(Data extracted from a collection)

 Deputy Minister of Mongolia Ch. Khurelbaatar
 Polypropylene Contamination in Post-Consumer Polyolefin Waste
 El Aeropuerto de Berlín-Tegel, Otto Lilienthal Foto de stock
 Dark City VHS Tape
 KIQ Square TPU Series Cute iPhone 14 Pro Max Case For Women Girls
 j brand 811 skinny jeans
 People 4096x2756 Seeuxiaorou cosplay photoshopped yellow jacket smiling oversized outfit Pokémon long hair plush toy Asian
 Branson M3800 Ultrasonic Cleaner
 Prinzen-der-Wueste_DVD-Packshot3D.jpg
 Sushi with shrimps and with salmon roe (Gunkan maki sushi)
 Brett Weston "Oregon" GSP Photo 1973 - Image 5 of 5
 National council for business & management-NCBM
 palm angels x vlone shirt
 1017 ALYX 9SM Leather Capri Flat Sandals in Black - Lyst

[Work task]:
This exercise calls for the lines from the one holding "Prinzen-der-Wueste_DVD-Packshot3D.jpg" through the end of the entries, transcribed exactly and with nothing more.

[Answer space]:
 Prinzen-der-Wueste_DVD-Packshot3D.jpg
 Sushi with shrimps and with salmon roe (Gunkan maki sushi)
 Brett Weston "Oregon" GSP Photo 1973 - Image 5 of 5
 National council for business & management-NCBM
 palm angels x vlone shirt
 1017 ALYX 9SM Leather Capri Flat Sandals in Black - Lyst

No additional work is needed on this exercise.